### Exercise data
———

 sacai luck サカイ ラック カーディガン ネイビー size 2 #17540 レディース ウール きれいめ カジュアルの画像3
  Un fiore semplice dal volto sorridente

———

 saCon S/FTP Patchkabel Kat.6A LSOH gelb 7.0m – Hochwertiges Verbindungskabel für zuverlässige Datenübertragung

———

### What you have to do
With the line that has "sacai luck サカイ" as the first and the line that has "Un fiore semplice dal volto sorridente" as the last, repeat exactly that run of lines above and no more.

### Exercise output
 sacai luck サカイ ラック カーディガン ネイビー size 2 #17540 レディース ウール きれいめ カジュアルの画像3
  Un fiore semplice dal volto sorridente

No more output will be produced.